- **THE PROBLEM**
Leave the pictures aside and copy all the data exactly.
----- GIVEN DATA -----
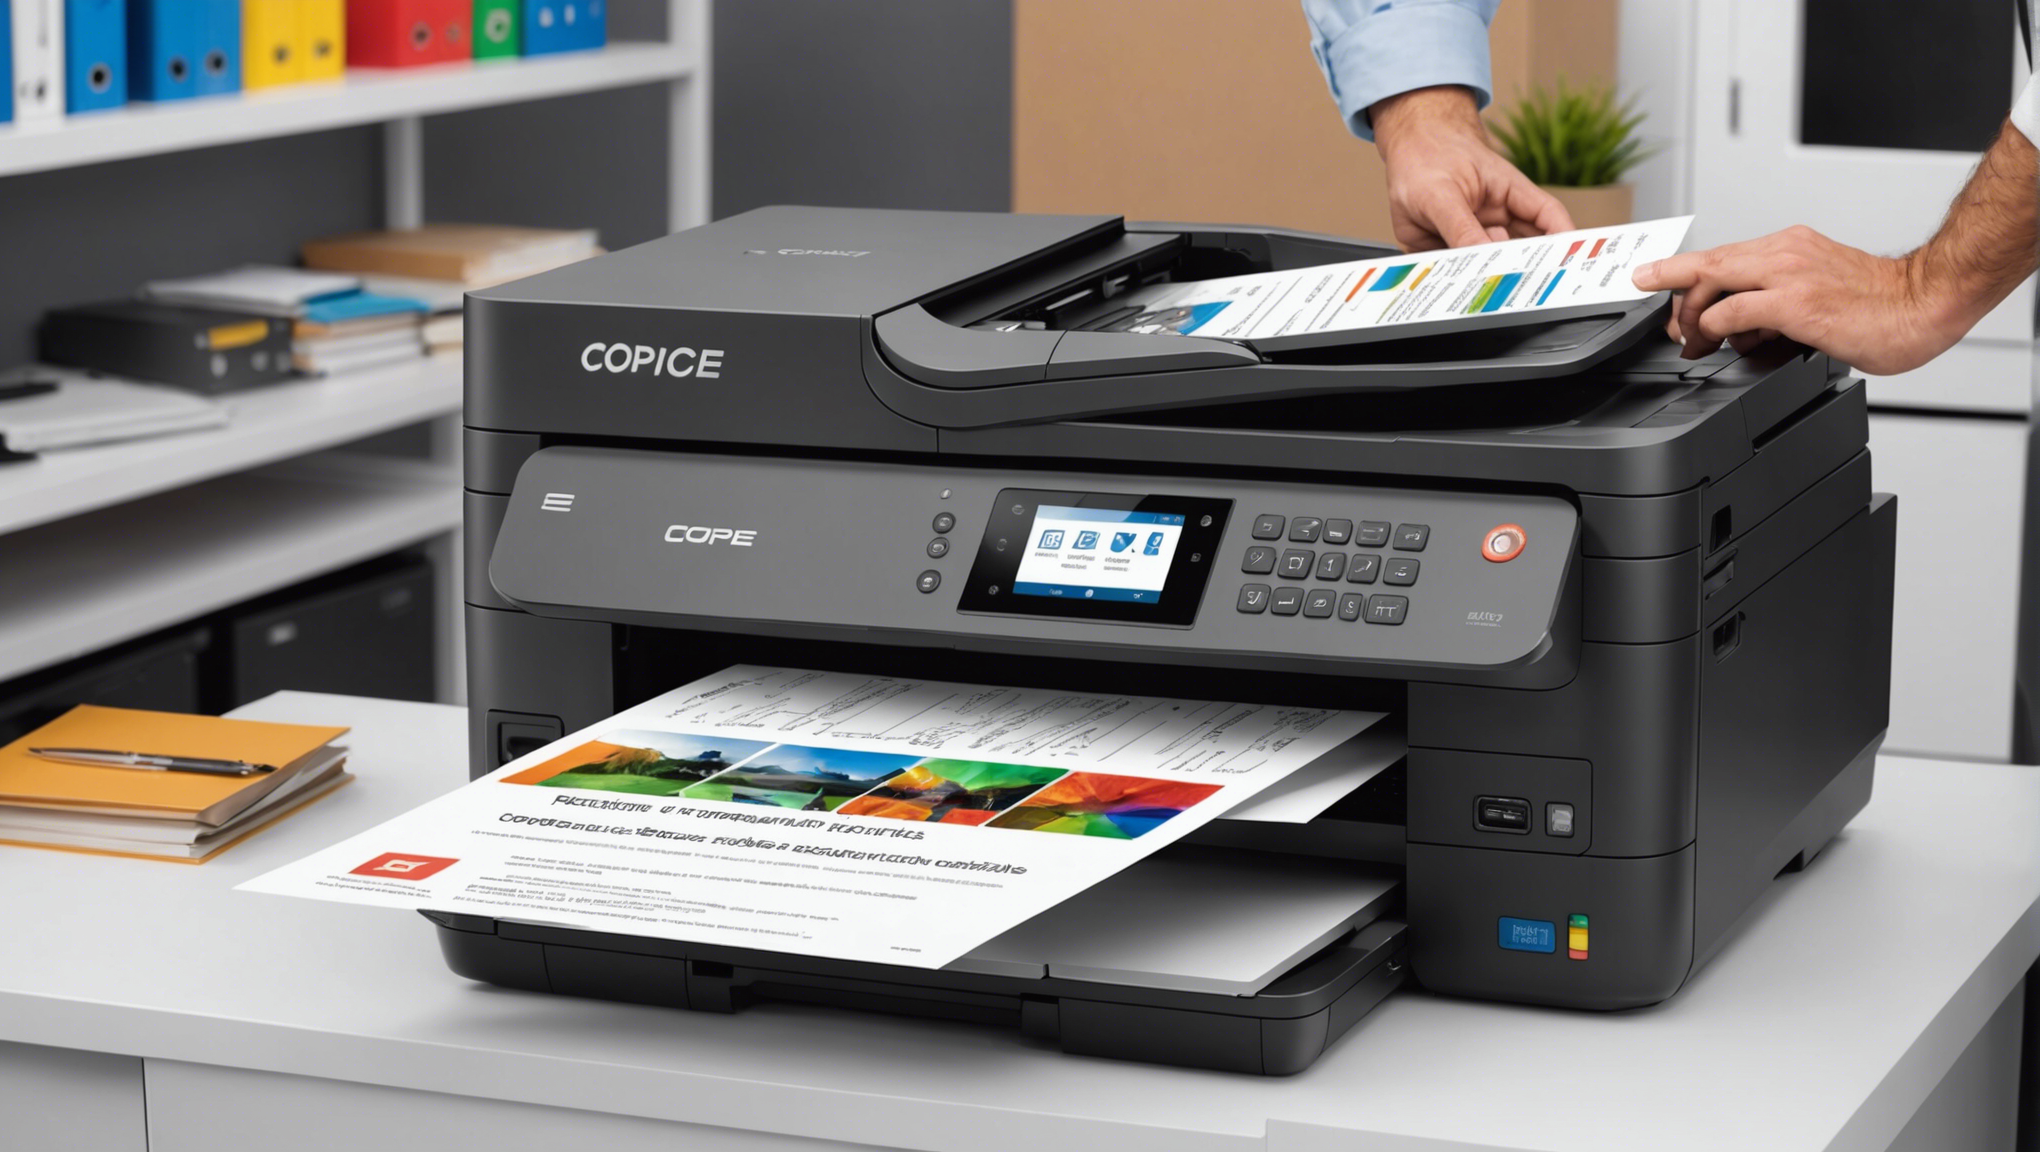 découvrez nos imprimantes professionnelles offrant des fonctions de copie avancées à un prix abordable. trouvez la solution parfaite pour vos besoins d'impression professionnelle.
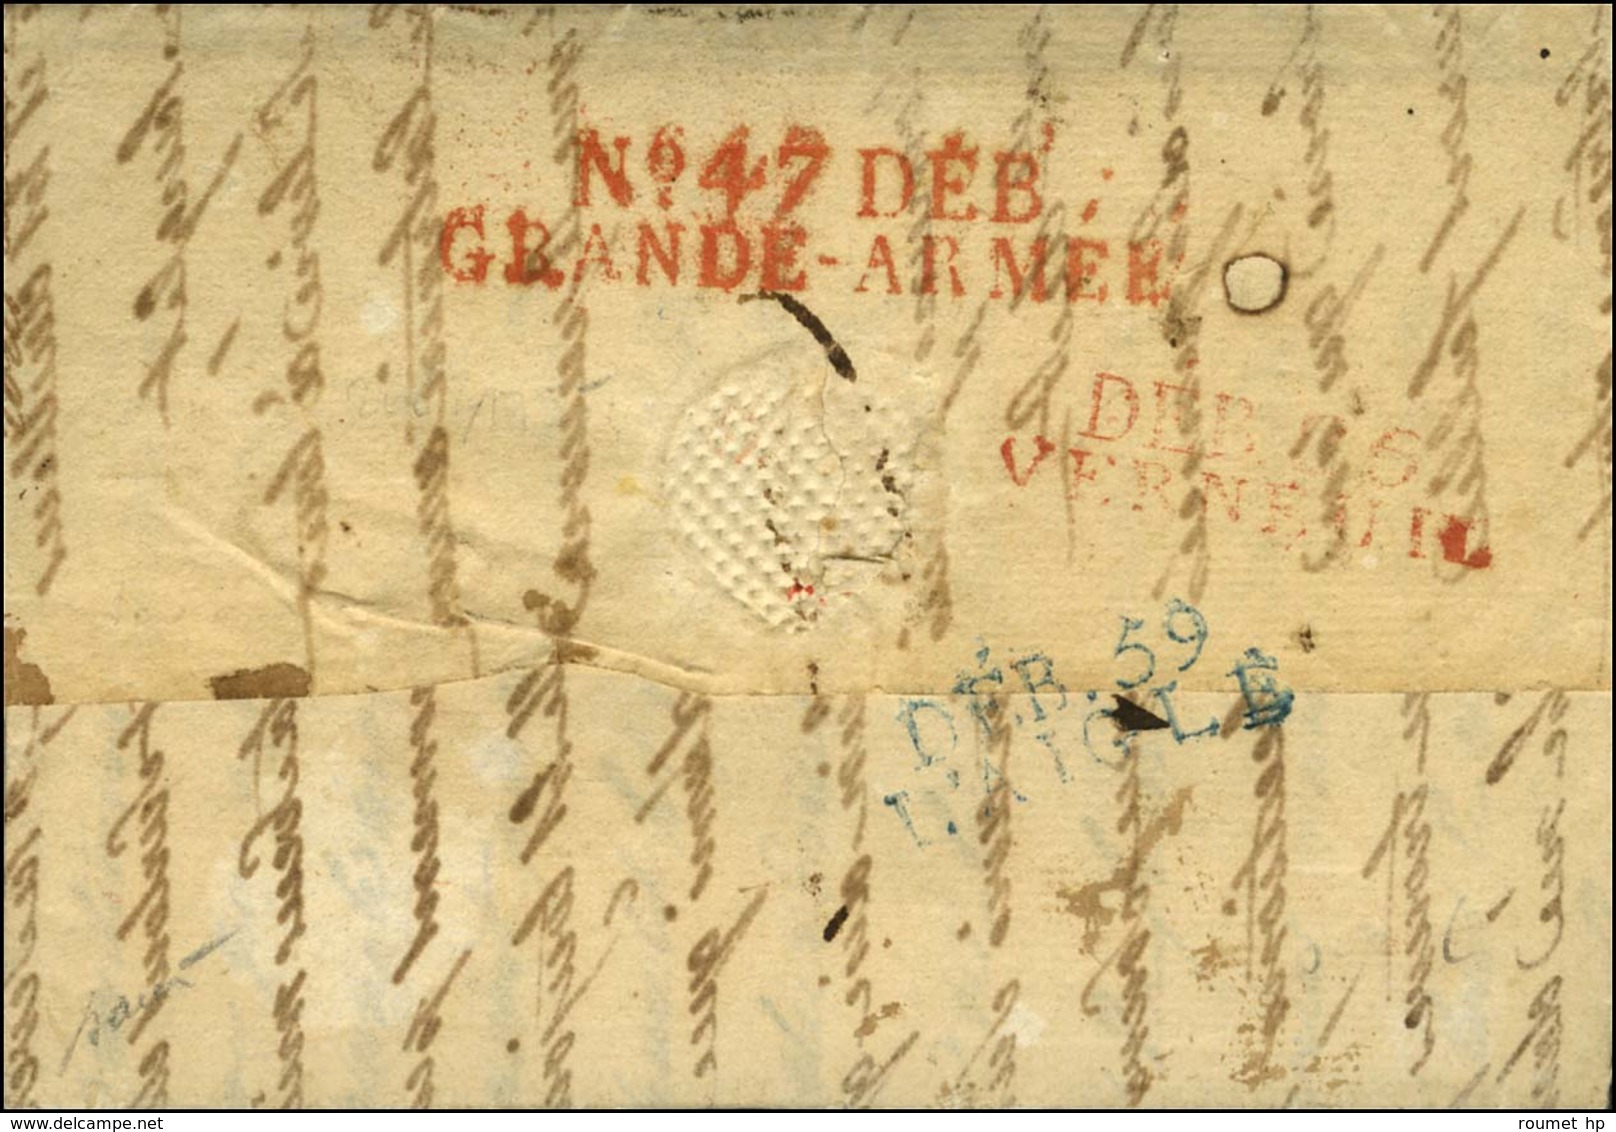 Lettre Avec Texte Daté 1814 Adressée à La Grande Armée Et Réexpédiée. Au Verso, N° 47 DEB. / GRANDE ARMEE Rouge + DEB. 2 - Marques D'armée (avant 1900)
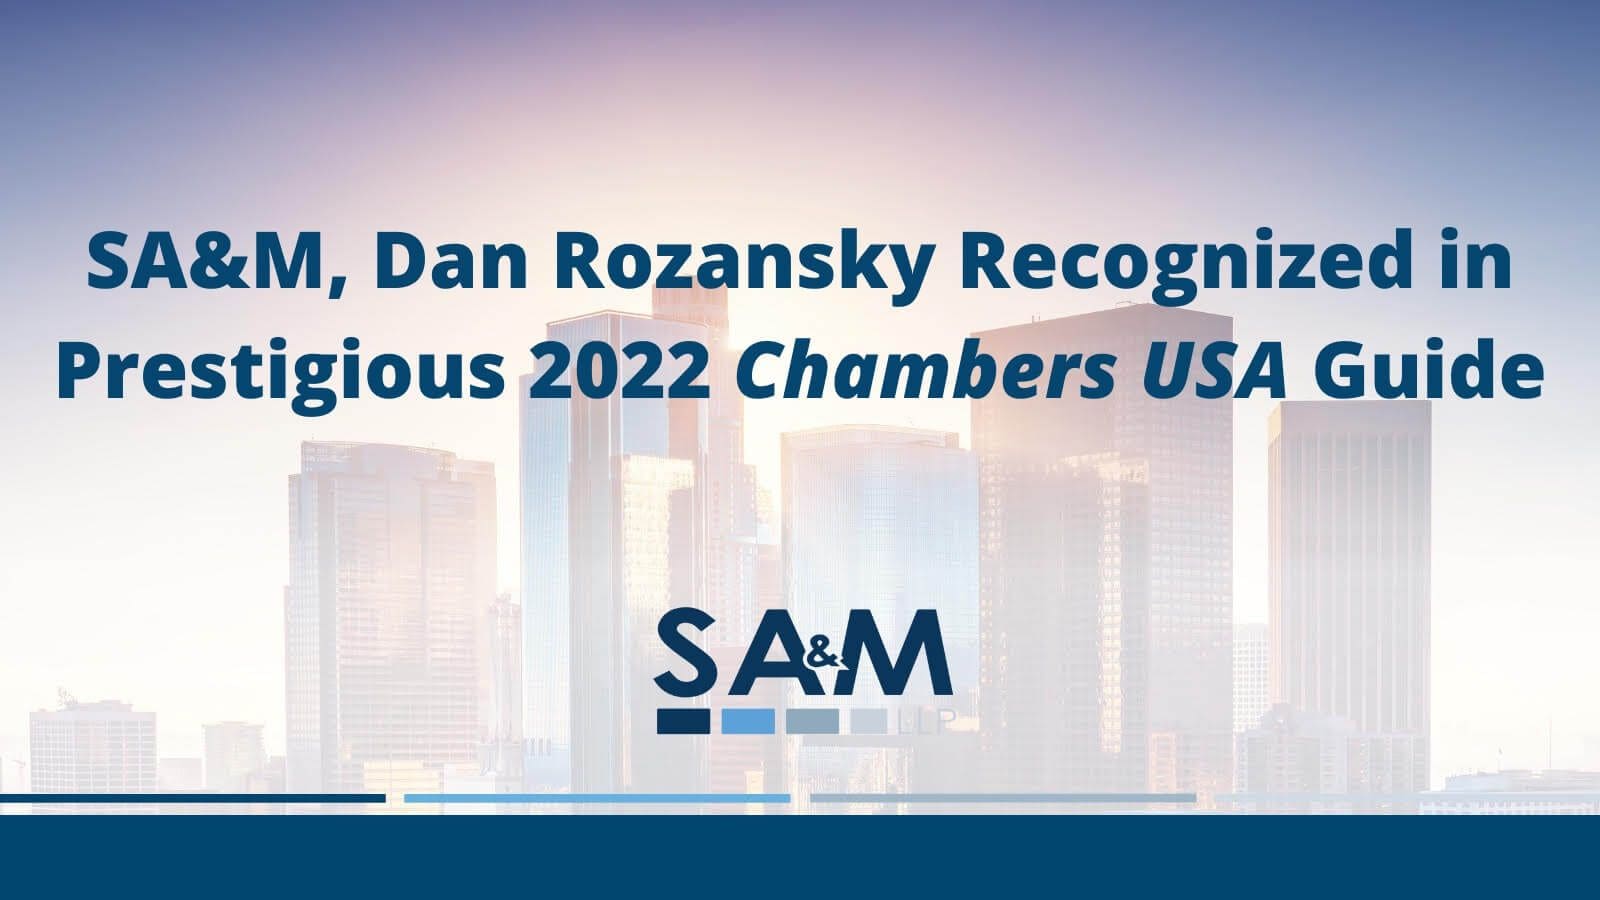 SA&M, Dan Rozansky Recognized in Prestigious 2022 Chambers USA Guide
-----
- **RESULT FOR THIS EXERCISE**
 découvrez nos imprimantes professionnelles offrant des fonctions de copie avancées à un prix abordable. trouvez la solution parfaite pour vos besoins d'impression professionnelle.
 Lettre Avec Texte Daté 1814 Adressée à La Grande Armée Et Réexpédiée. Au Verso, N° 47 DEB. / GRANDE ARMEE Rouge + DEB. 2 - Marques D'armée (avant 1900)
 SA&M, Dan Rozansky Recognized in Prestigious 2022 Chambers USA Guide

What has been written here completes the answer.